RP: Em que momento apareceu a ideia de fundar o
coletivo Licenci’elles?
Na
primavera de 2012, começamos a tomar contato com os assalariados envolvidos
pelas mesmas medidas que nós no setor têxtil. Com os “Paru-Vendu”, nos
manifestamos diante da Assembléia Nacional em abril de 2012. Ademais, quando se
é mulher, se é frequentemente mais precária. Nos persuadimos de que era preciso
nos associar com as companheiras que vivem a mesma situação que nós. Por
conseguinte, reencontramos os ex-trabalhadores de Lejaby, de Samsonite, via
nosso advogado, Fiodor Rilov, que os defendeu. Entramos também em contato com
uma trabalhadora nos caixas do supermercado ED, que conhecimos depois de uma
reunião das mulheres em luta organizada pelo Front de Gauche. É o mesmo
procedimento que se aplica muito entre eles, e que cria o isolamento e o
fatalismo. A ideia apareceu de criar uma associação para contribuir com um
apoio àqueles que se encontram nas mesmas dificuldades, em um setor muito
feminizado, que raramente é sindicalizado, portanto débeis frente aos ataques
ao emprego. Mas também para lutar contra as demissões nos grupos e empresas que
têm lucro.
De
golpe, montamos essa associação com as 68 companheiras que foram à justiça
contra a 3 Suisses. No começo, tratava-se de criar uma ajuda específica,
jurídica, mas também de transmitir uma experiência num setor que não tem uma
cultura de luta. Esses diferentes encontros nos inspiraram muito, notadamente
aqueles com os Lejaby. Nós, ao início, não éramos cobertos pela mídia. Depois
começamos a interpelar a mídia, a fazer barulho ao nosso redor. Fizemos barulho
pela via das redes sociais. É verdadeiramente a partir de abril que começamos a
nos fazer conhecidas, notadamente conduzindo ações ao lado de outros
trabalhadores em luta.
RP:
Efetivamente, hoje, nos vemos vocês ao lado dos trabalhadores da Goodyear, que
não são portanto do mesmo setor que vocês, nem de um setor muito feminino.

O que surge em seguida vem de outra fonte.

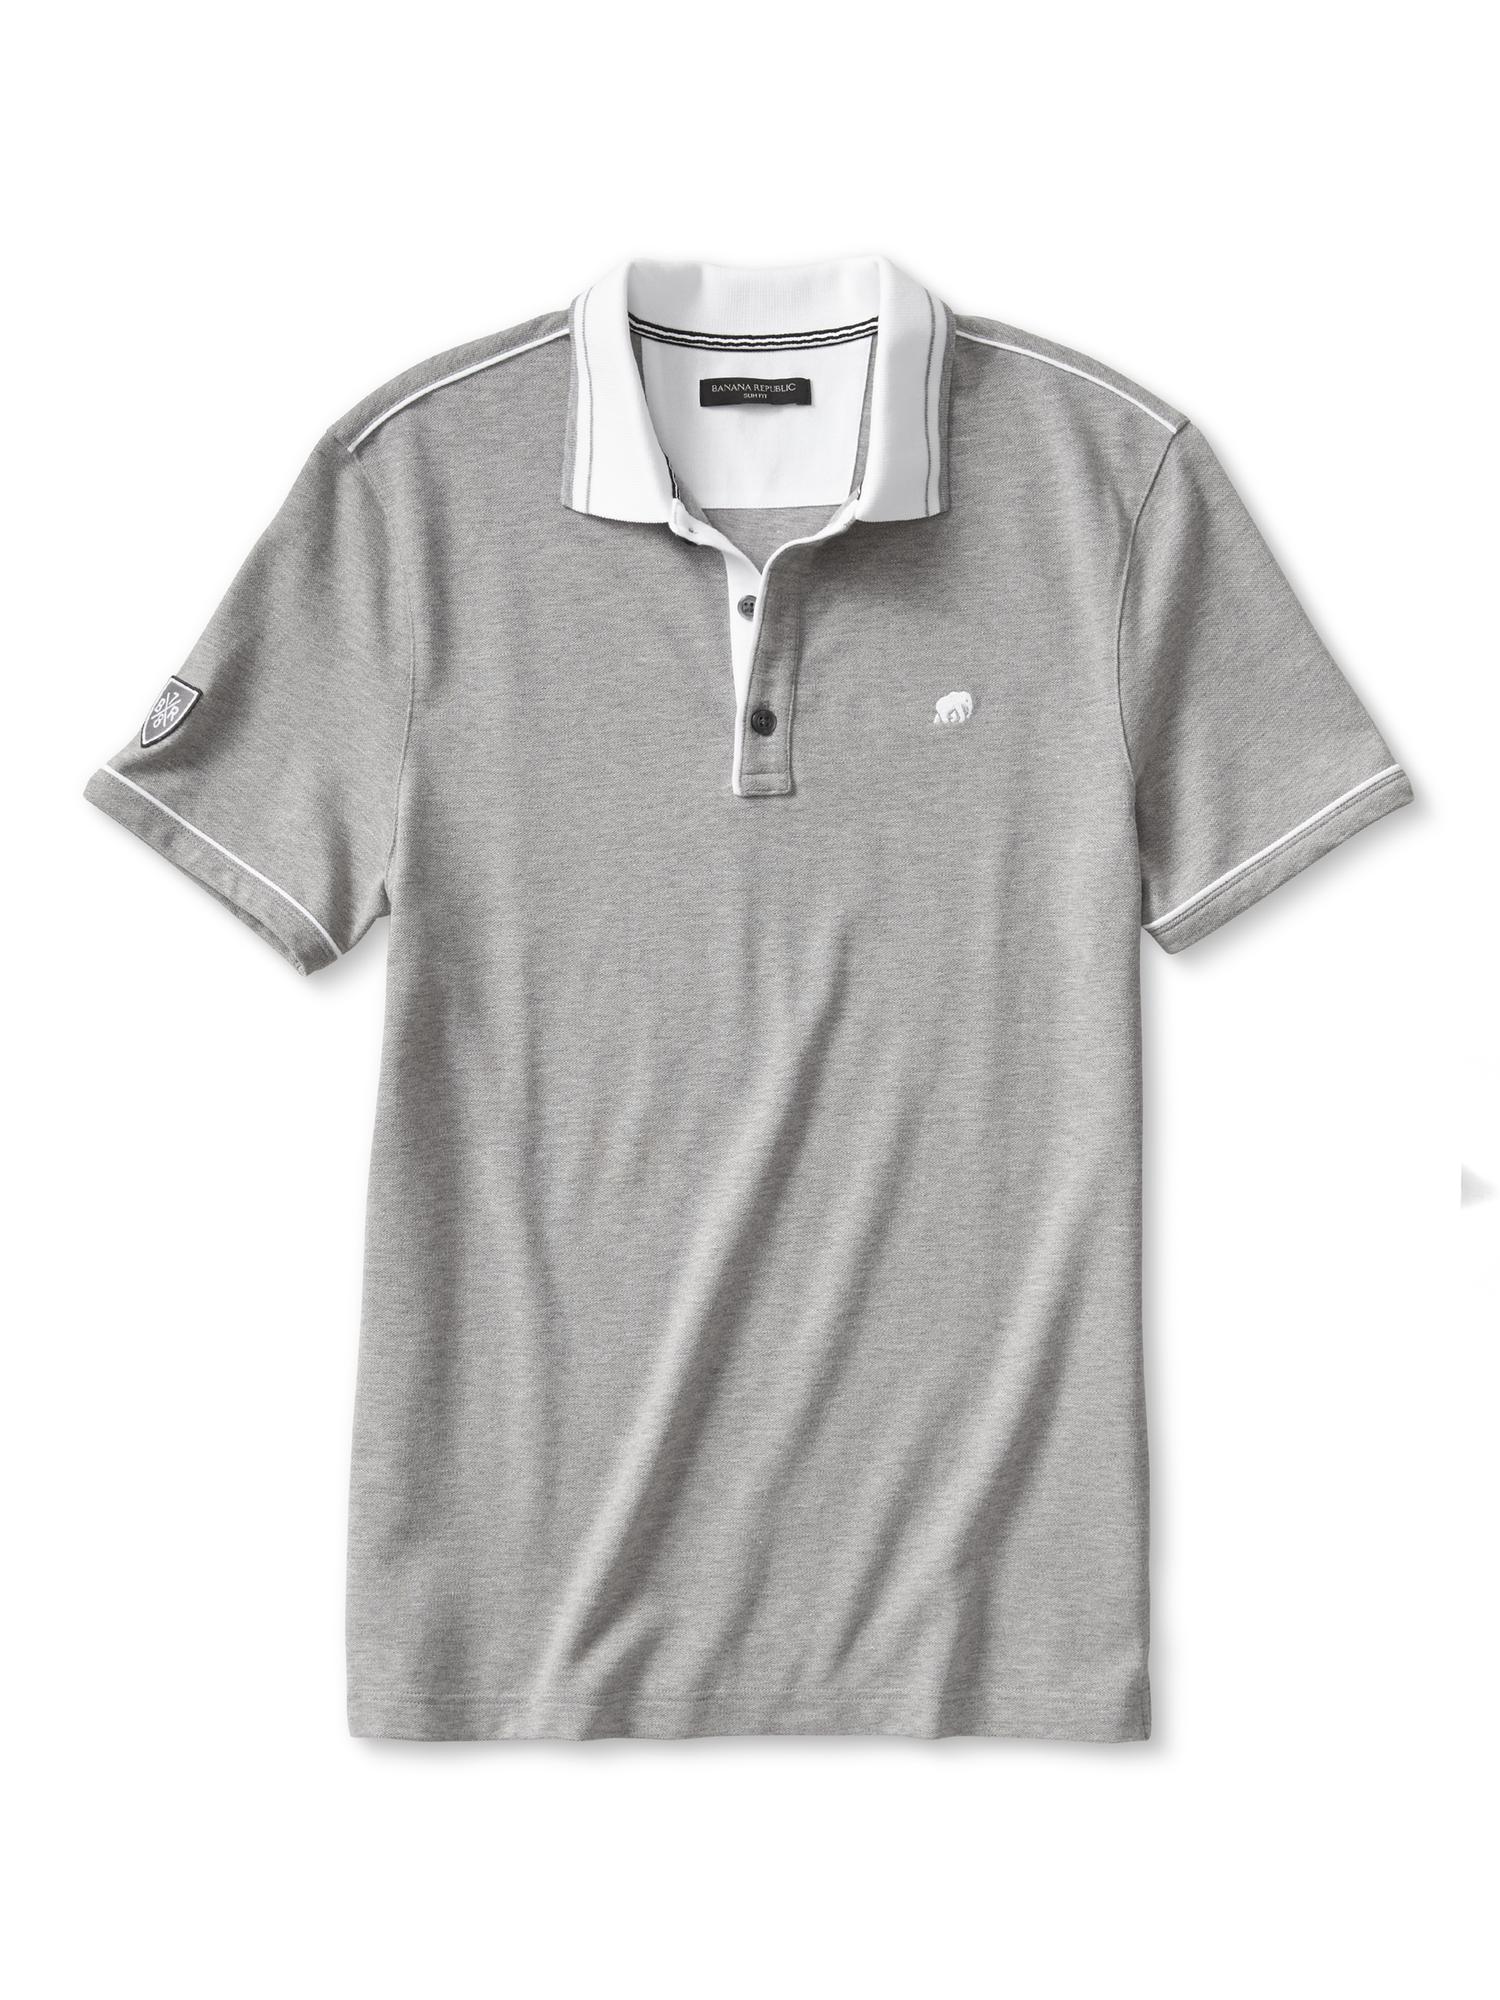 Slim-Fit Piped Pique Polo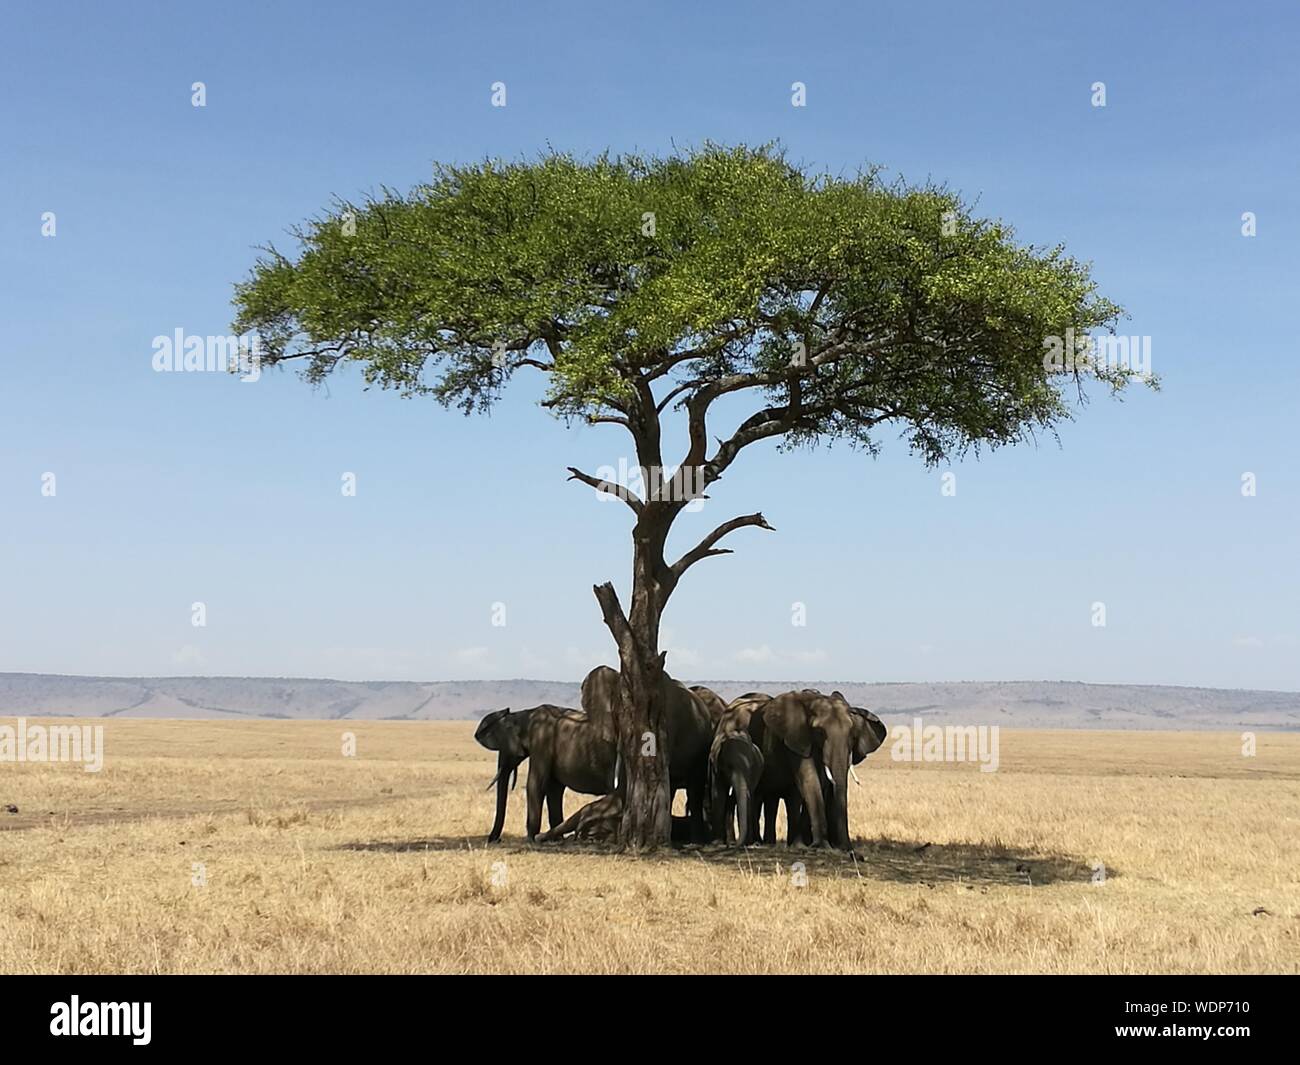 Elephants Under A Tree In A Sunny Day Stock Photo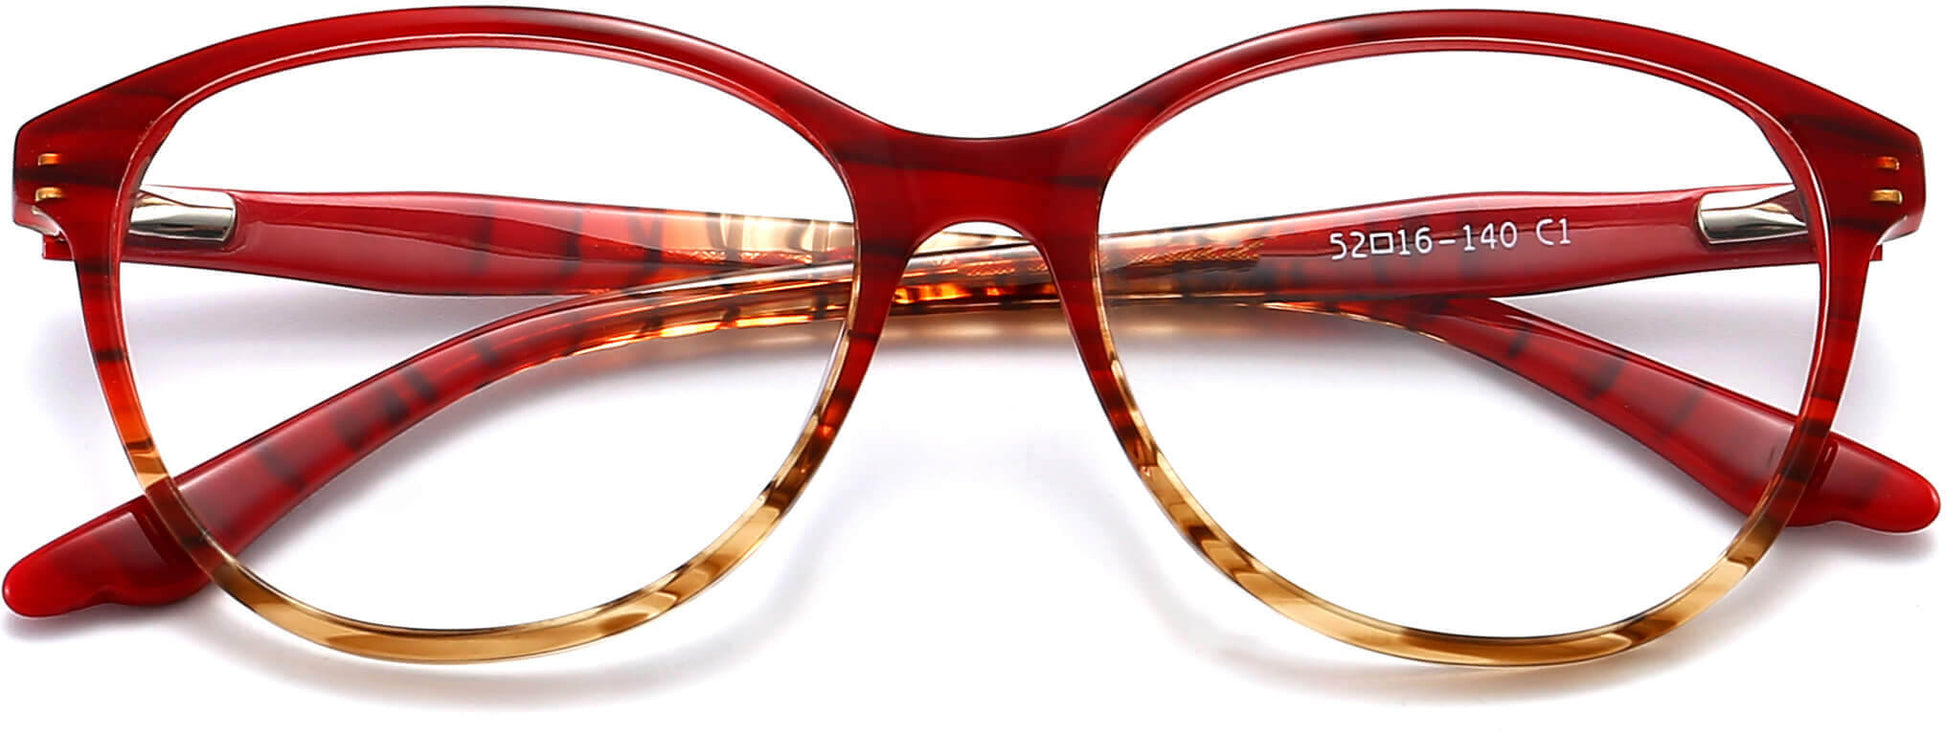 volcanis red Eyeglasses from ANRRI, closed view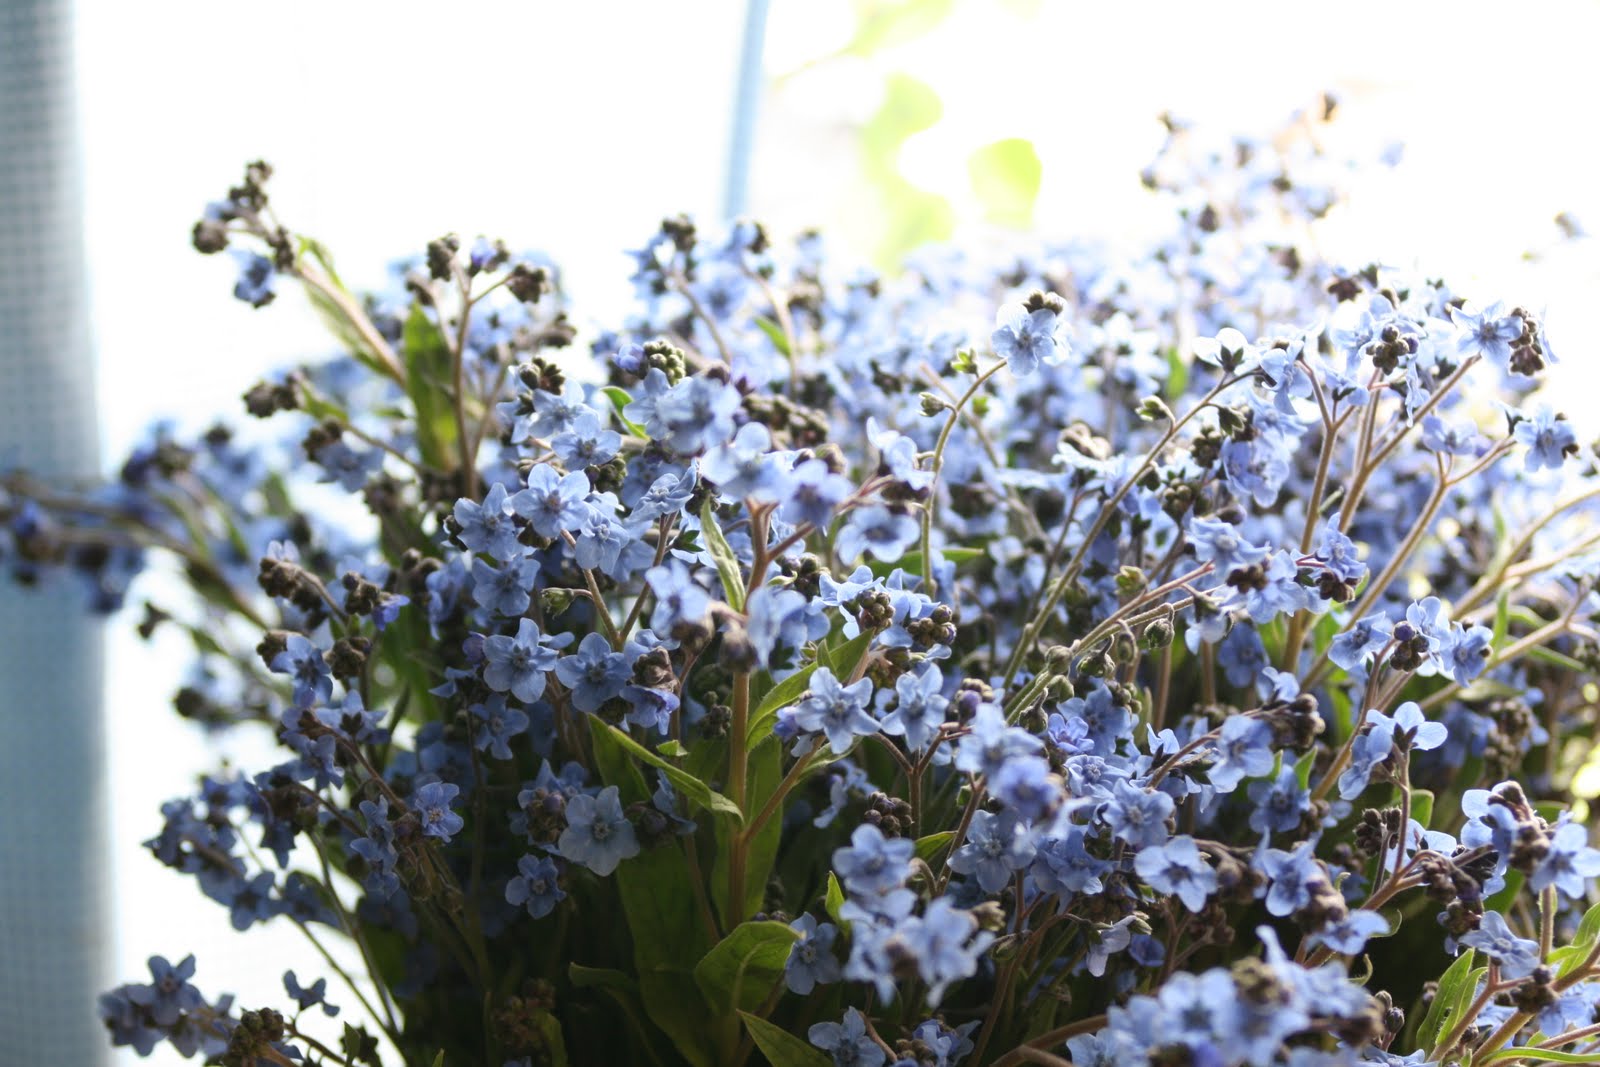 Forget-Me-Not Flowers - How To Grow Forget-Me-Nots

Como
você explica essa evolução?
Encontramos
os trabalhadores da Goodyear em um piquete de greve em fevereiro de 2012. Eles
nos lançaram: “Onde estão os pneus?” Marie, uma Licenci'elles, lhe
respondeu: “Estaremos no Tribunal do Trabalho no dia 22 de março. Venham
com os pneus.” Eles responderam ao chamado e vieram nos apoiar no tribunal
depois de nossa primeira conciliação. O acolhimento foi maravilhoso,
verdadeiramente dava prazer. Com efeito, nos encontramos na mesma perspectiva.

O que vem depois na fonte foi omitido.